1. About the InputStream. Read ()
        The inputstream.read () method is often used when reading data from a data stream to keep the graph simple. This method only reads one byte at a time from the stream, which is very inefficient.         A better approach is to use the inputstream.read (byte[] b) or inputstream.read (byte[] b,int off,int len) method to read more than one byte at a time.


2. About the available() method of the InputStream class
      When reading more than one byte at a time, the inputstream.available () method is often used, which lets you know how many bytes are available in the stream before you read or write. It is important to note that if this method is used on the slave
When the local file reads the data, it usually does not encounter problems, but if it is used for network operations, it often encounters some trouble. For example, when the Socket communication, the other side obviously sent 1000 bytes, but their own program call the available() method but only get 900, or 100, or even 0, feel a bit puzzling, how can not find the reason. In fact, this is because network communication is often intermittent, a string of bytes often sent in several batches.

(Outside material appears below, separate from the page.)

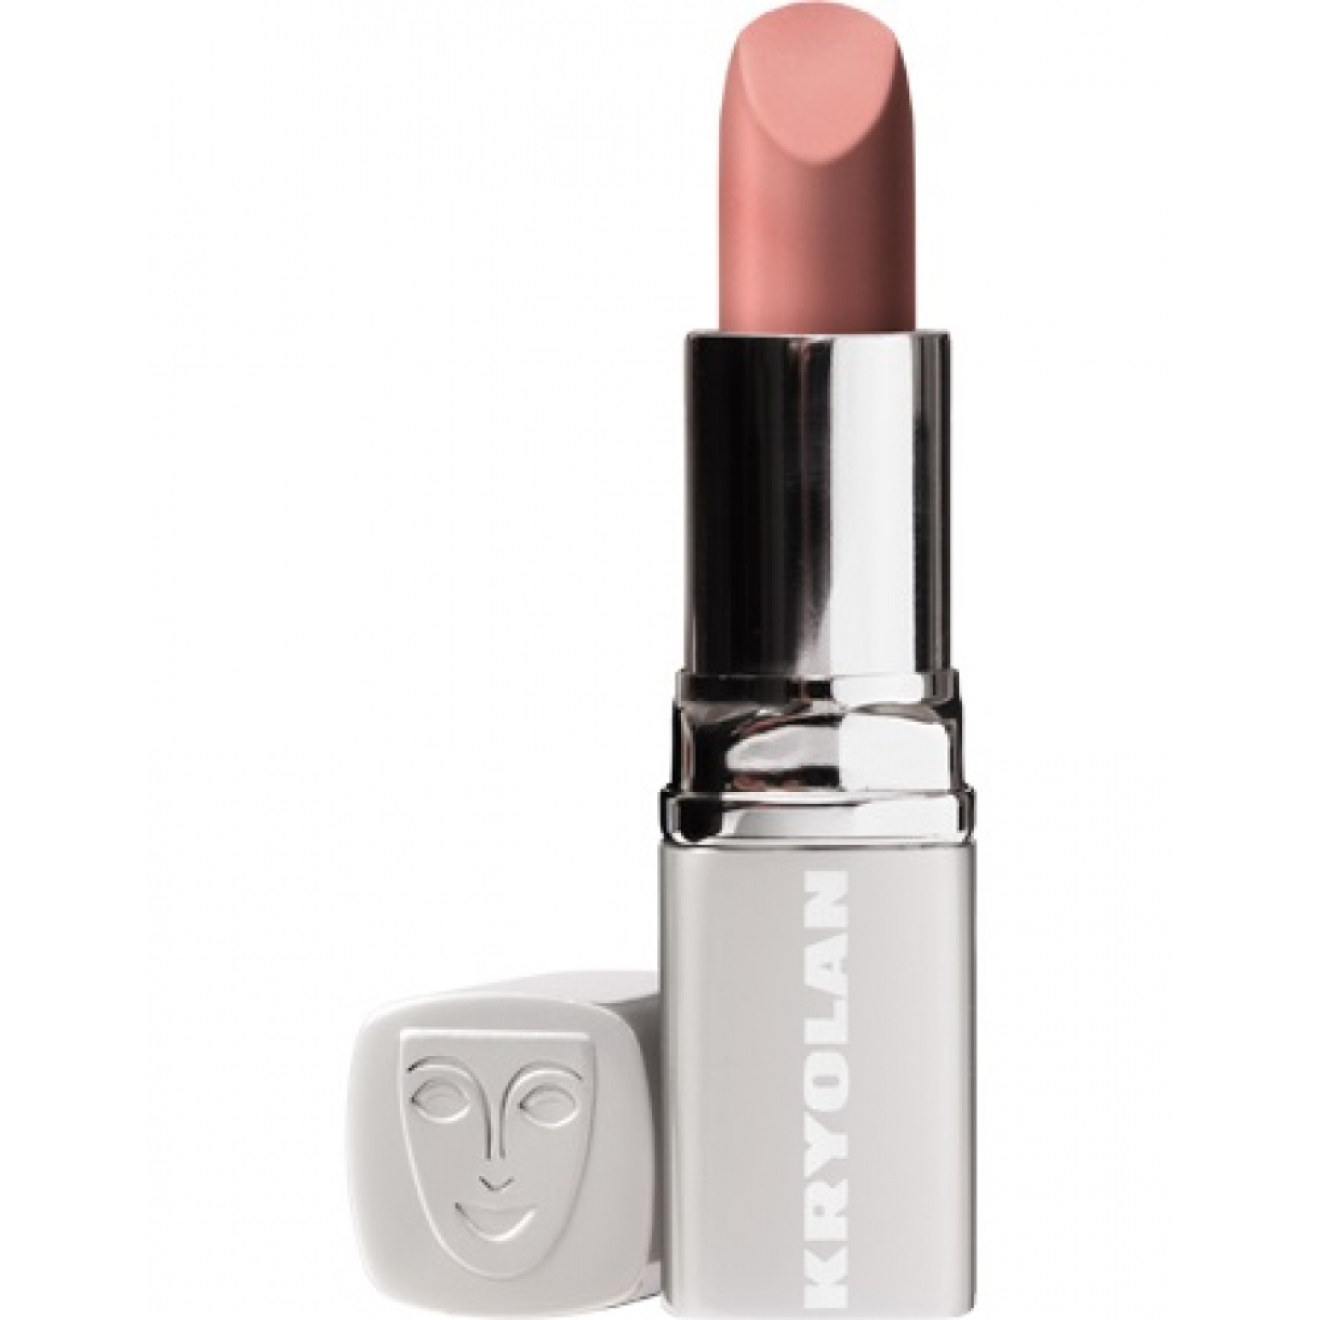 Kryolan Lipstick Pearl in Kunststoffhülse 4g

When a local program calls the available() method, it sometimes gets a 0, either because it hasn't responded yet, or because it has, but the data hasn't arrived yet. They sent you 1,000 bytes, maybe in three batches, so you have to call the available() method three times to get the total.
          If I write code like this:


 int count = in.available();
 byte[] b = new byte[count];
 in.read(b);

          There is always an error when doing network operations, because when you call the available() method, the data sent to the sender may not have arrived yet, and you get count is 0.
                It needs to be this way:


 int count = 0;
 while (count == 0) {
  count = in.available();
 }
 byte[] b = new byte[count];
 in.read(b);

3. Inputstream.read (byte[] b) and inputstream.read (byte[] b,int off,int len)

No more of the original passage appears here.